AI certification programs are a great way to accomplish these two broad tasks. For example, the ISO 42001 certification process helps businesses ensure that AI-related business practices are up-to-date with key standards, regulatory and governance frameworks, demonstrating this to customers, potential customers, or the public. However, not all organizations can commit to ISO certification and required resources/continuous maintenance.
Whether or not they pursue certification, we ensure that every organization using AI has the steps to take to (basically) coordinate itself with key AI governance standards and frameworks, and at the same time, they are prepared to demonstrate compliance with US AI laws.
AI Policy
Companies should consider creating a set of guidelines, rules, and regulations that govern the use of AI technology across their organizations. AI policies are designed to allow AI to be used in a responsible and ethical way and to align with legal requirements, organizational values and ethical standards. Some of the key areas that AI policies need to cover include:
Business justification for AI use.
People who can use AI (access).
Permission/Prohibited activities.
Head of AI (accountability, roles, and responsibilities).

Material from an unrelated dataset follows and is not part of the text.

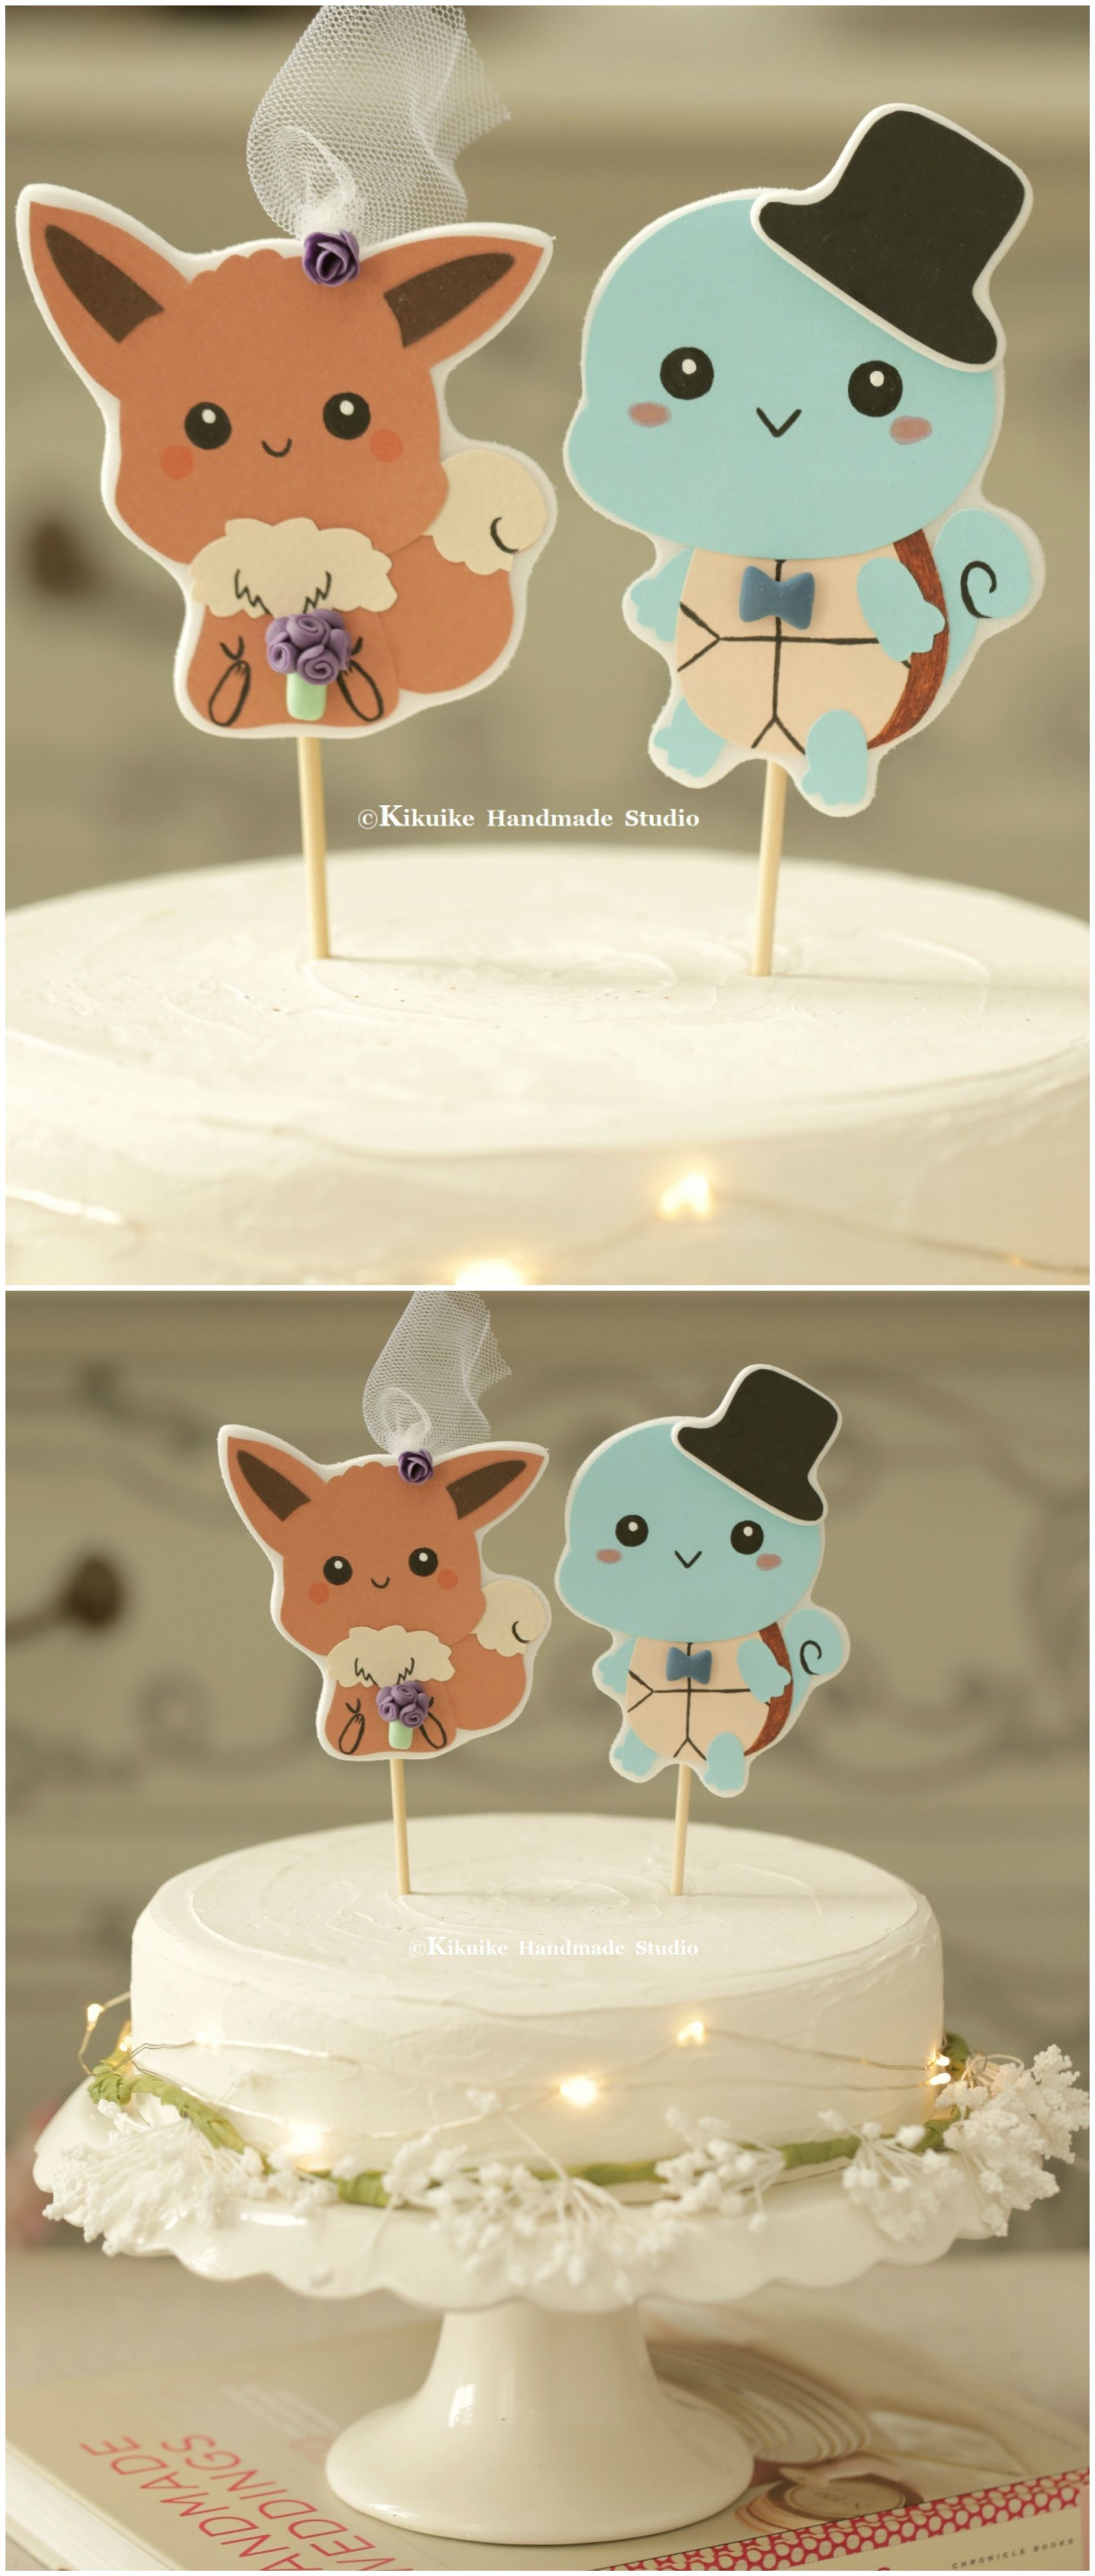 Pokemon Wedding Cake Topperpocket monster Wedding cake topper

Ethical guidelines and principles (fairness, non-bias, transparency).
Data privacy, security, and intellectual property.
Processes and procedures to make employees aware of AI risks and company policies.

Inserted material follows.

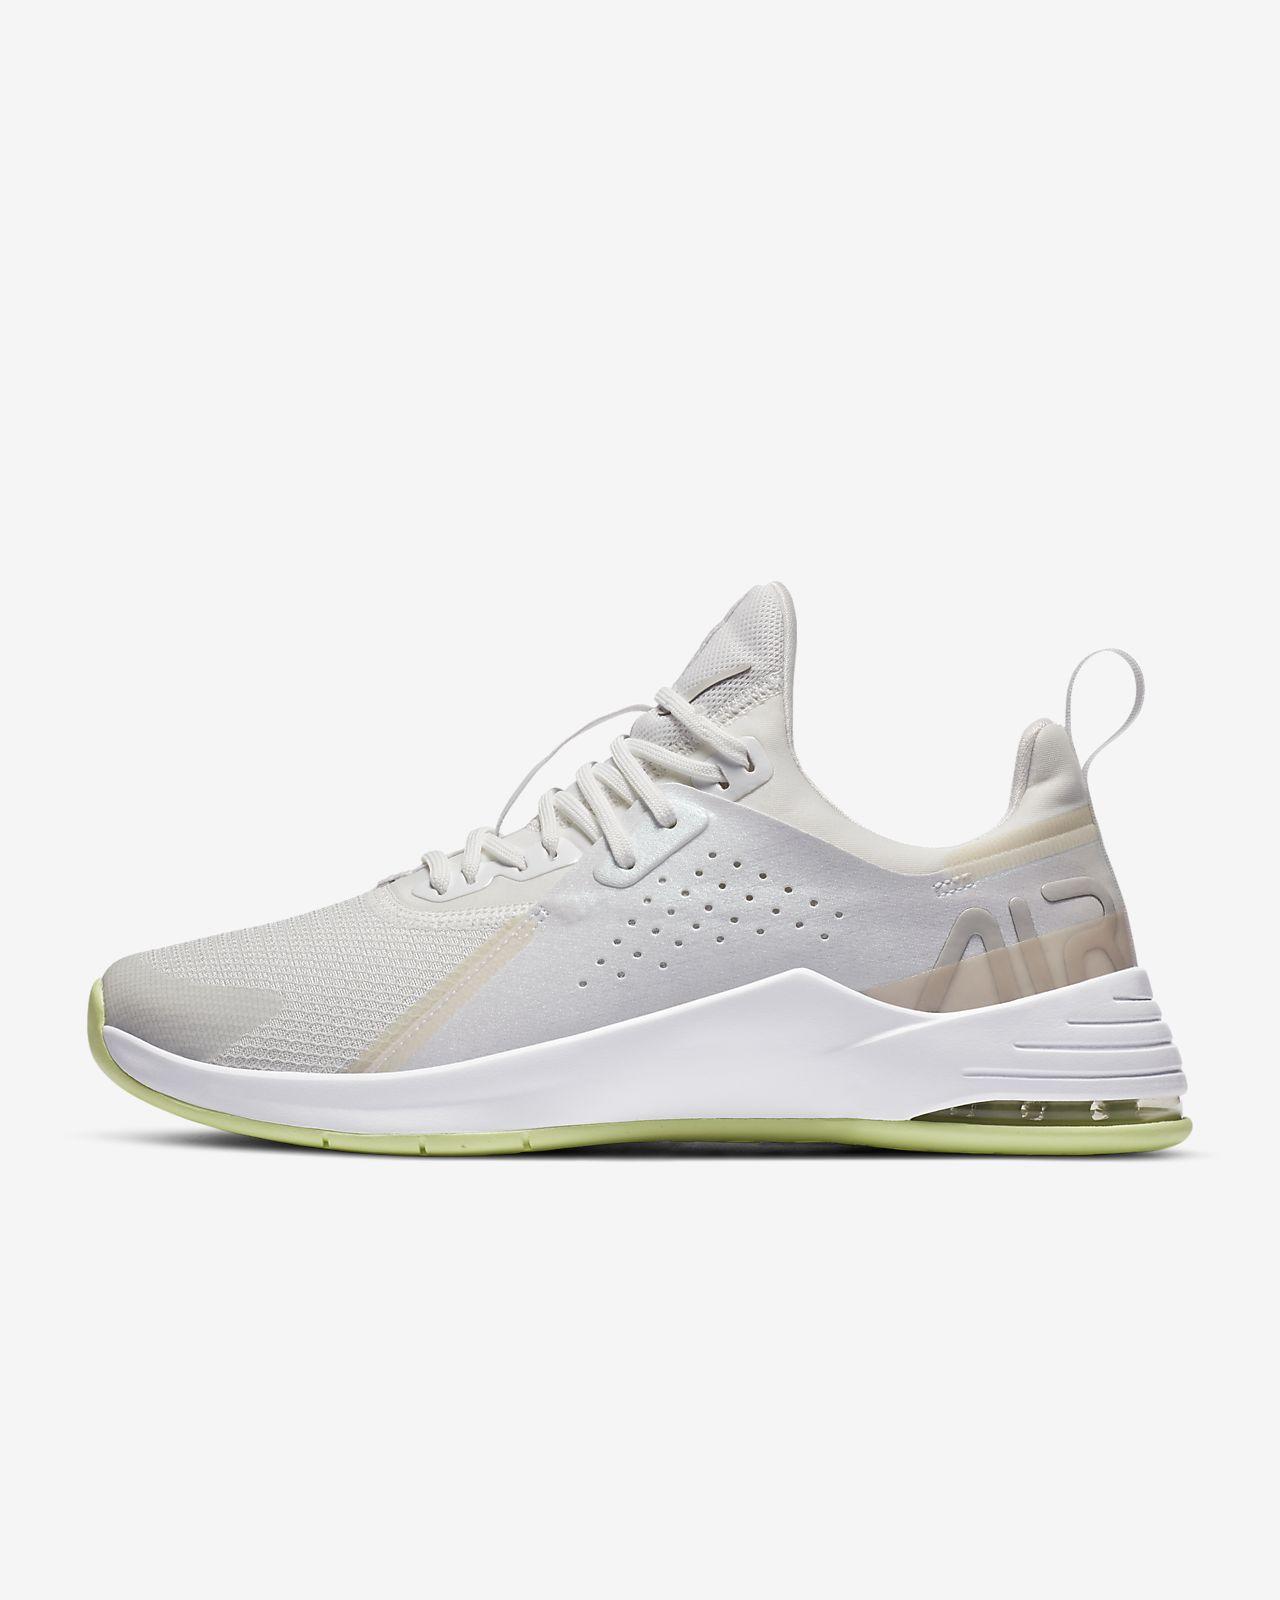 Nike Air Max Bella TR 3 PRM 女子训练鞋

AI Development/Deployment Policy
This document sets out the expected norms for the development and/or procurement of AI technologies and their implementation for their use. It should include the AI model training process, conducting pre-deployment tests, sign-off/approval, deployment procedures, and continuous output (including human monitoring) and model retraining.
AI Inventory
Every organization using AI needs a comprehensive list of tools, techniques, managers, third parties, and more involved in the development, deployment and monitoring of all AI systems across the organization. This document is more technical than AI policies and may contain AI model types, platforms, data sources, outputs, monitoring tools, key points of interaction, and other details about building an AI system. The AI Systems documentation is a fundamental component of the main AI standards and the overall governance framework and is important for compliance with transparency requirements with the law.
Use AI definitions
Once AI systems are documented, they can confirm and express what the AI organization’s use is and categorize them based on applicable laws that are important for current and new law compliance.
Disclosure
Organizations using AI technology must disclose the nature and purpose of their use to the affected parties. This can include those who interact directly with AI output, those who make the consequential decisions by AI, and those whose personal data is entered into the AI system. Organizations must also be transparent about the legitimate business objectives they use AI and the guidelines in which they operate.
AI risk and impact assessment
An organization’s use of AI and risk assessments that consider the potential financial, legal or regulatory impact on an organization or harm society are fundamental requirements of an AI governance program.